A Museum of Movement
Martin Evans explains the aims and origins of France’s national museum of immigration.
Of the 802,000 babies born in France in 2010 just under a third had at least one foreign parent. As with the history of the US, immigration is part of the country’s fabric. One only has to think of the singer Charles Aznavour, the actor Yves Montand and the footballer Zinedine Zidane: three major cultural figures whose roots are Armenian, Jewish-Italian and Algerian respectively.
The National Museum of the History of Immigration (Cité nationale de l’histoire de l’mmigration), which opened in eastern Paris at the gateway to the huge park at Bois de Vincennes in 2007, is devoted to the history of France’s diverse immigrant communities and aims to bring a new understanding to a complex history. The permanent exhibition blends documents, everyday objects and filmed interviews to show how immigrants have contributed to the economic, social and cultural life of France. There are also regular exhibitions by contemporary artists (such as Denis Darzacq, whose photographs examined the role of street dance in France’s run-down suburbs), which challenge certain clichés and stereotypes. In this way the museum underlines that contemporary France is a patchwork.
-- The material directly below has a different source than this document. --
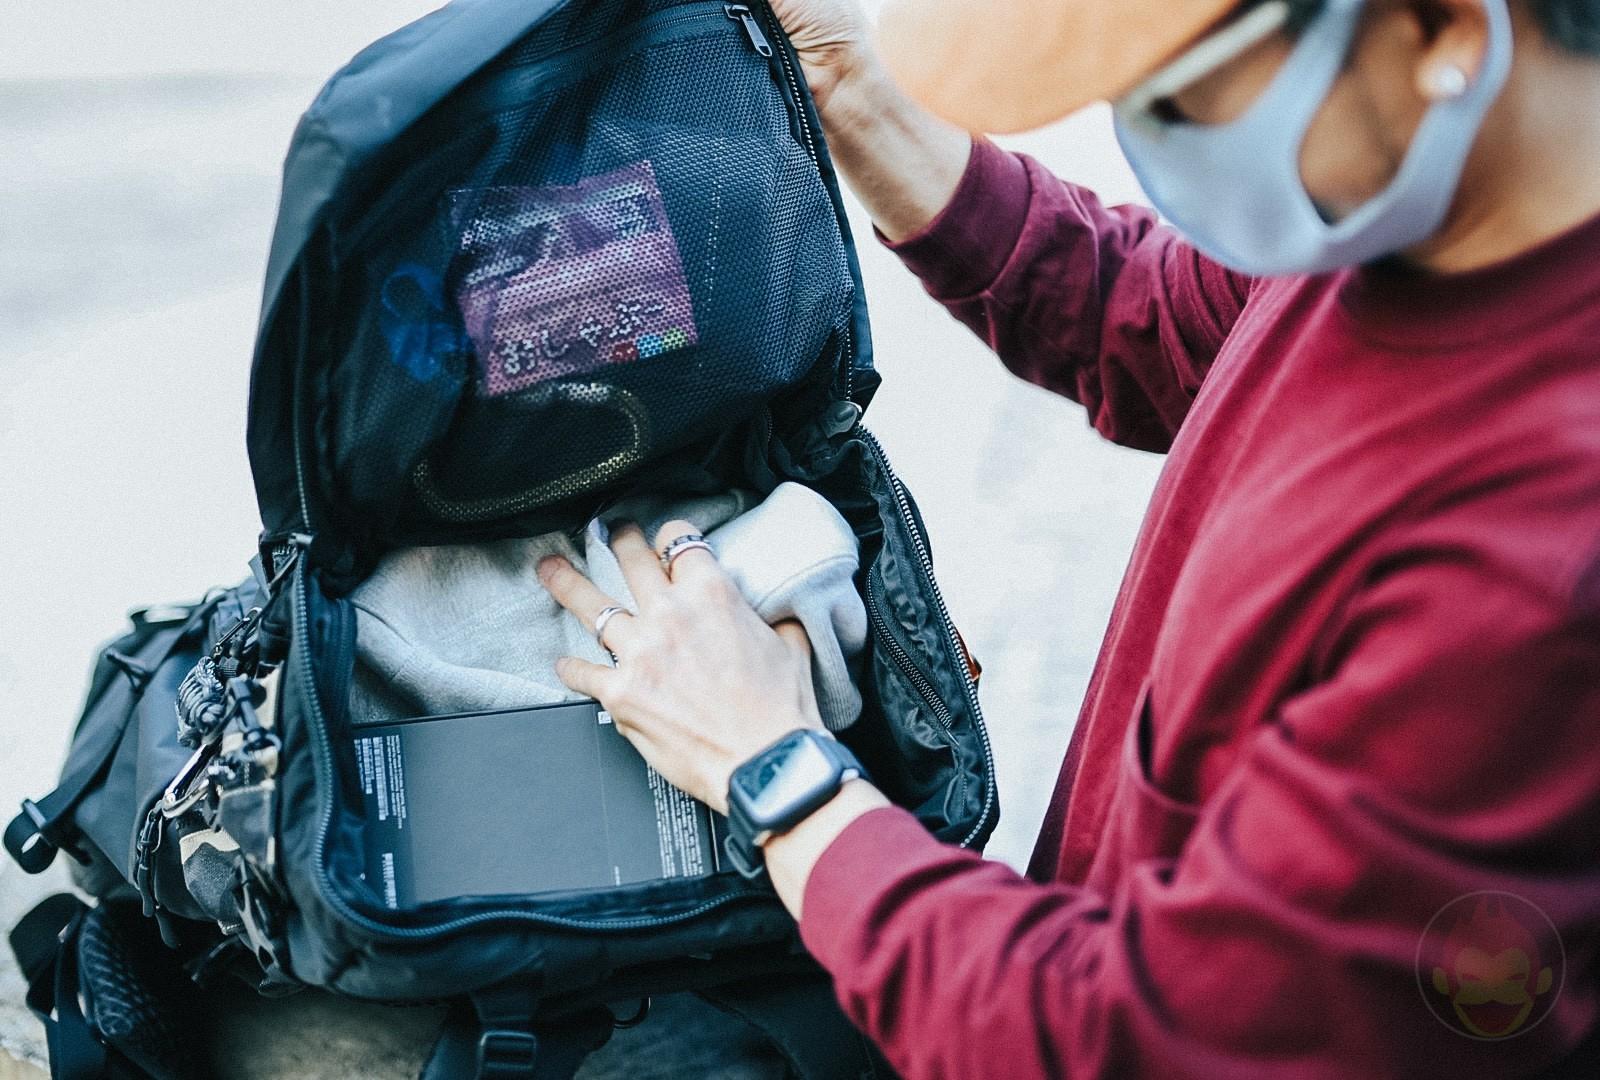 WANDRD FERNWEH Backpack Review 18

What is remarkable is the museum’s location. Cité occupies the entrance pavilion of the original 1931 Colonial Exhibition. This huge event projected the image of imperial strength, stretching to the four corners of the globe, where 110 million people lived under French protection. It was about bringing the empire – largely acquired by accident during the 19th century – home and integrating it into French consciousness.
The art deco pavilion was designed by Albert Laprade, who drew architectural inspiration from the far reaches of empire, ranging from Morocco to Indochina. The exterior was decorated with an intricate relief sculptured by Alfred Janniot, in which representations of exotic animals are combined with depictions of muscular ‘natives’ happily fishing and harvesting. The result was a seductive vision of empire, complimented inside by a series of sumptuous frescoes extolling the French civilising mission. Following the Colonial Exhibition in the mid-1930s, the pavilion became the Museum of Colonialism.
After the Second World War France lost this empire, a traumatic process that climaxed with the Algerian War of 1954-62. Algeria was especially hard to relinquish because it was not a colony but an integral part of France. However, once Algerian independence was achieved, Charles de Gaulle, brought back to solve the Algerian problem in 1958, was unrepentant. In his view decolonisation was a victory of modernisation that would allow France to ‘marry the 20th century’.
In this context Laprade’s pavilion was a throwback to a bygone age. In 1960 it was renamed the National Museum of Arts from Africa and Oceania. The Ministry of Culture claimed that, under this banner, the collection would be displayed as art objects in their own right, rather than as ethnographic or colonial exhibits. Yet over the next 40 years the museum struggled to find a role, remaining on the margins and, for most guidebooks, just a curious footnote.
In 2003 the museum was closed and the collection moved to the Quai Branly Museum, a prestige project planned by the then president, Jacques Chirac. By showcasing the art and civilisations of Africa, Asia, Oceania and the Americas, the new venture aimed to establish an equal dialogue between cultures. As preparation for the Quai Branly’s opening in 2006 got under way, the idea of the Cité was unveiled in 2004 and two architects, Patrick Bouchain and Loïc Julienne, were selected to redesign the pavilion in a style in keeping with Laprade’s original vision.
Outlining the nature of the Cité, Jacques Toubon, the former right-wing minister of culture appointed to oversee the project by Chirac, was careful to state that it was not a ‘site of memory’ for France’s colonial history. Rather its purpose was to teach French citizens to understand the determining role of immigration in the construction of the nation.
Toubon’s comments show how the question of the empire and its aftermath remains contentious. When the Cité opened there was hostility from some parts of the media. As Hédia Yelles-Chaouche, one of the curators explained to me recently, the new museum’s approach was accused of being too Anglo-Saxon. By focusing on the specificity of each group, it was seen as embracing post-colonial difference: an explicit challenge to republican orthodoxy that rejects ethnic distinction and talks only of ‘citizens’. Significantly, too, President Sarkozy did not inaugurate the museum: an absence described as ‘shocking’ by Patrick Weil, one of France’s leading historians of immigration.
Last year, to mark the 50th anniversary of Algerian independence in 1962, Benjamin Stora and Linda Amiri, two experts on the Algerian War, approached the Cité with the idea of an exhibition exploring Algerians in France during the conflict: a first for a national museum. The subsequent exhibition set out to explain how Algerians in France, who numbered 250,000 by the mid-1950s and mostly living in shanty towns, experienced the war. Given the bitter legacy of that conflict, the decision to mount the exhibition was courageous. It exemplifies how the Cité is asking difficult questions about contemporary France.